(How to complete this task)
Your output must be the lines below from the line containing "suojeltuja luontotyyppejä. Palomäellä" to the line containing "L'oreal Age Perfect", both lines included, reproduced exactly and without pictures.

(Extracted information)
=== Section Start ===

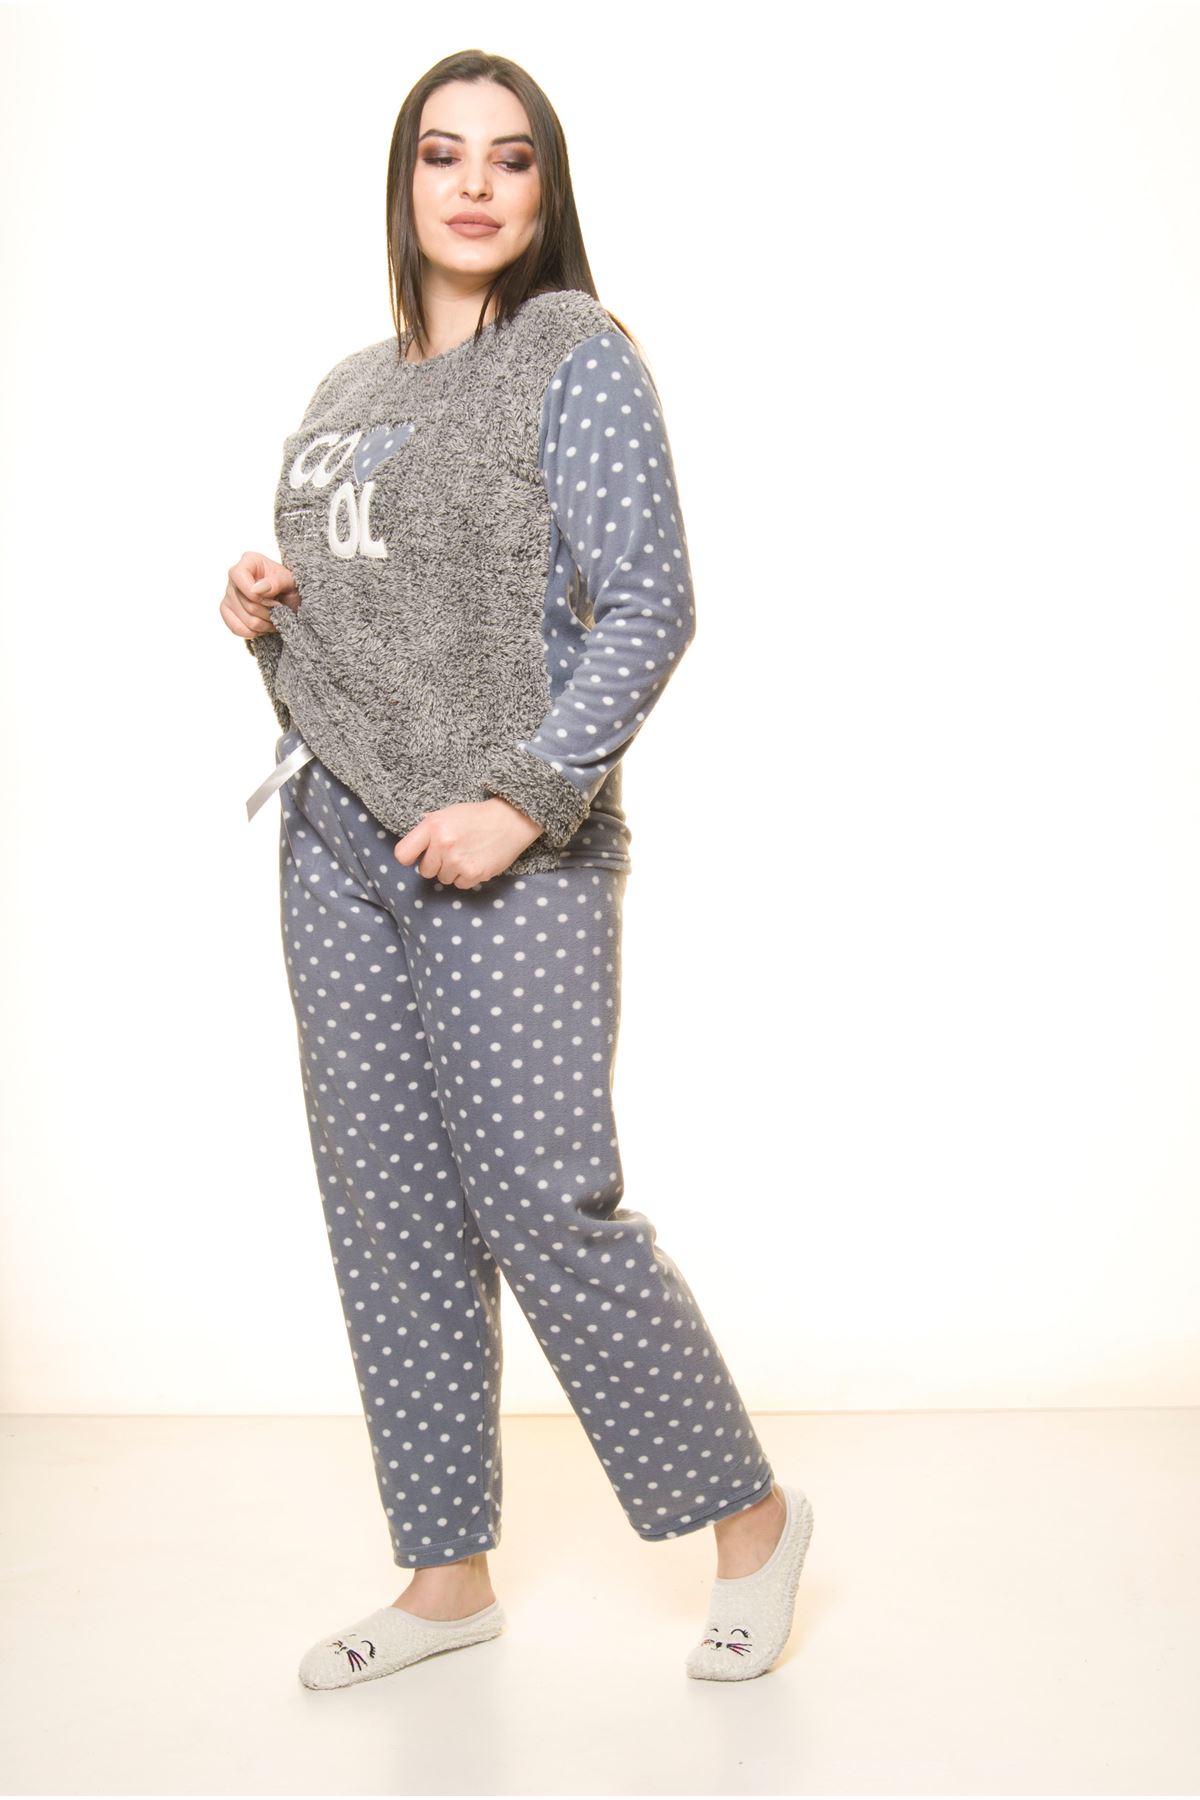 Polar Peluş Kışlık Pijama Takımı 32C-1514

=== Section End ===
=== Section Start ===

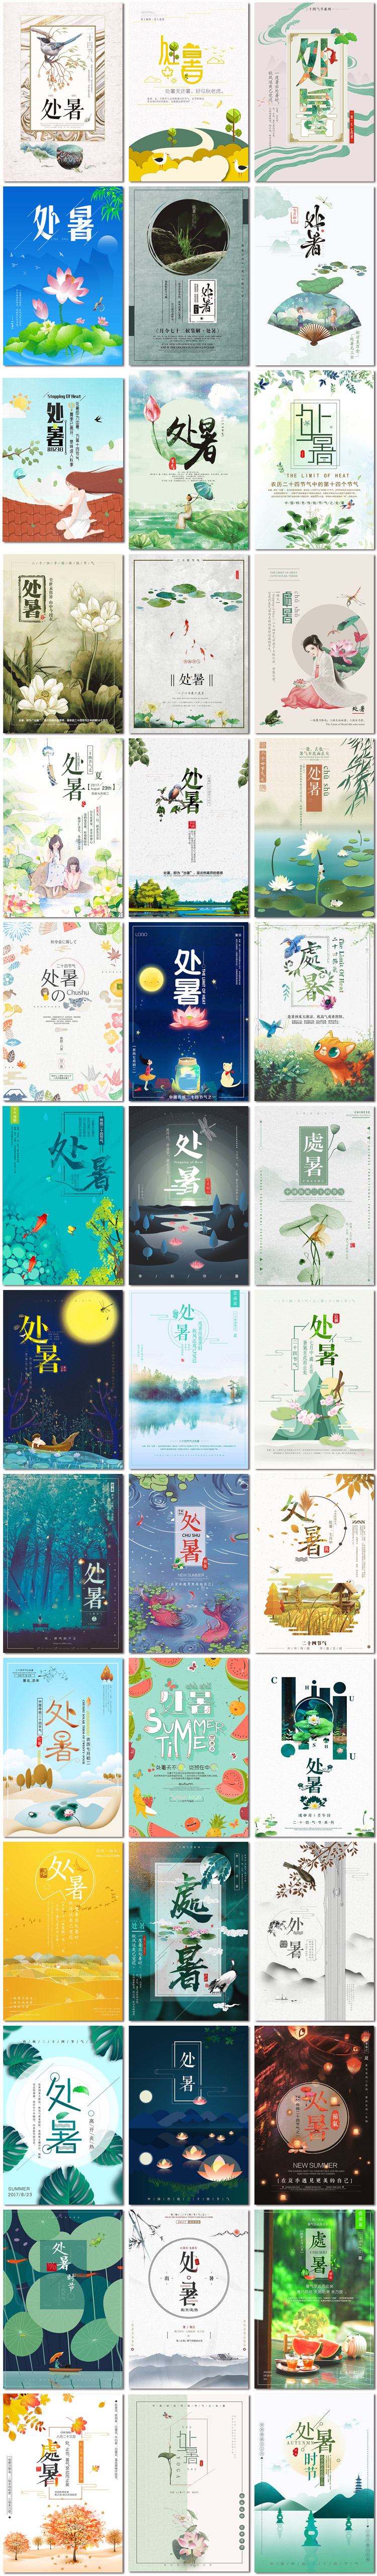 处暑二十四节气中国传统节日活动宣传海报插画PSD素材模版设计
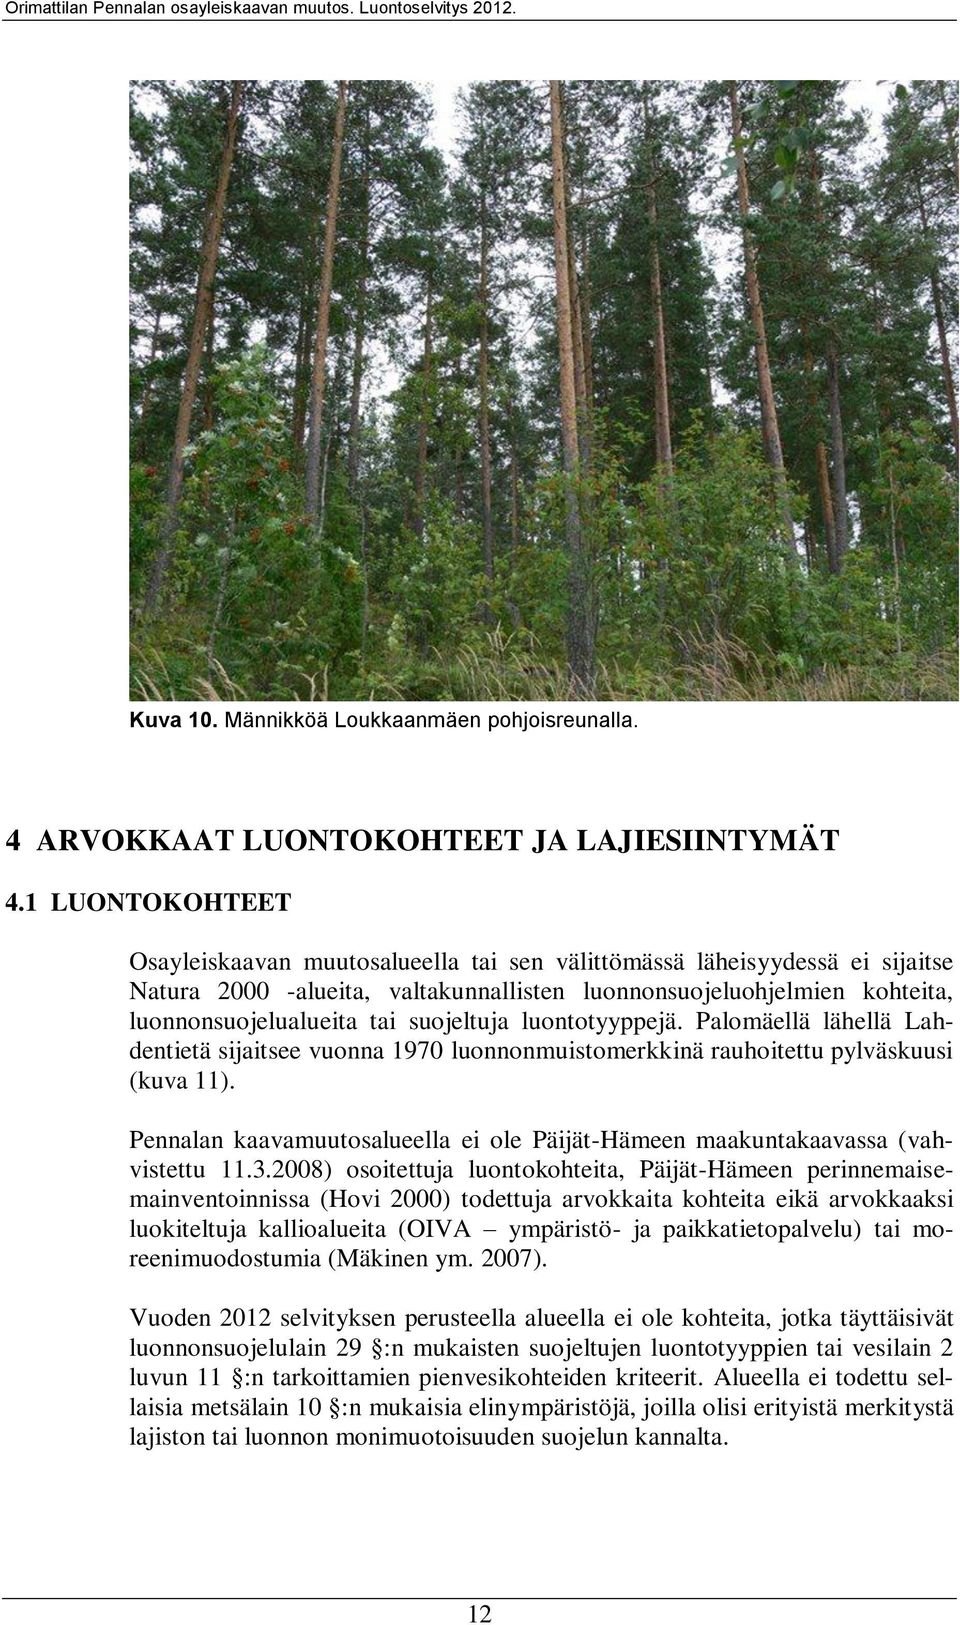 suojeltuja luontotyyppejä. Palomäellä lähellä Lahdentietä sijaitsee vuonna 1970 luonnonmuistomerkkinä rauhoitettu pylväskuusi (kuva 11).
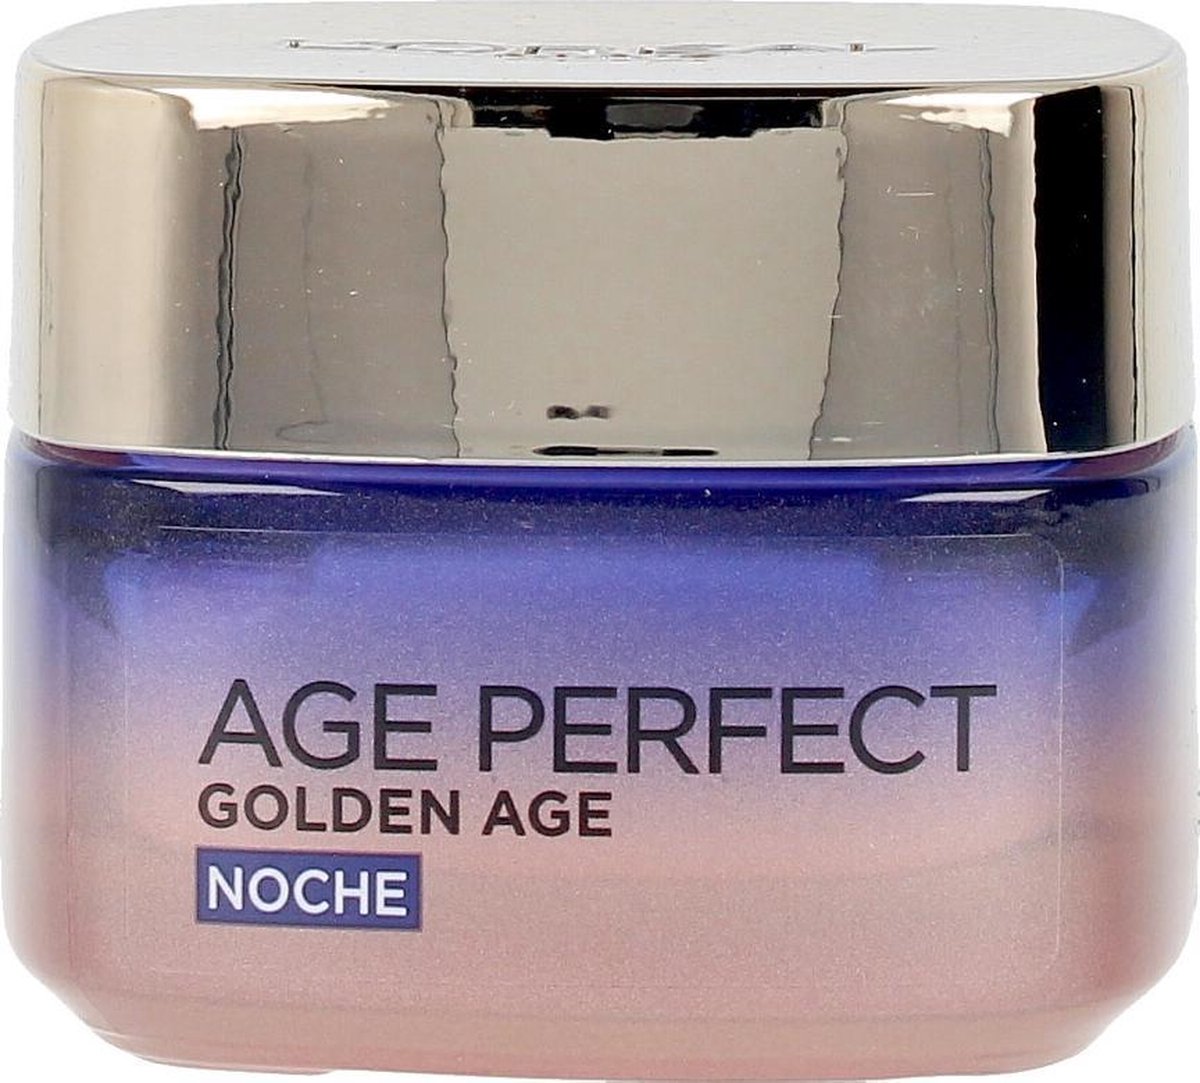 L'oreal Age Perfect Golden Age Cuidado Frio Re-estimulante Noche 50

=== Section End ===

(Result for this exercise)
 suojeltuja luontotyyppejä. Palomäellä lähellä Lahdentietä sijaitsee vuonna 1970 luonnonmuistomerkkinä rauhoitettu pylväskuusi (kuva 11).
 L'oreal Age Perfect Golden Age Cuidado Frio Re-estimulante Noche 50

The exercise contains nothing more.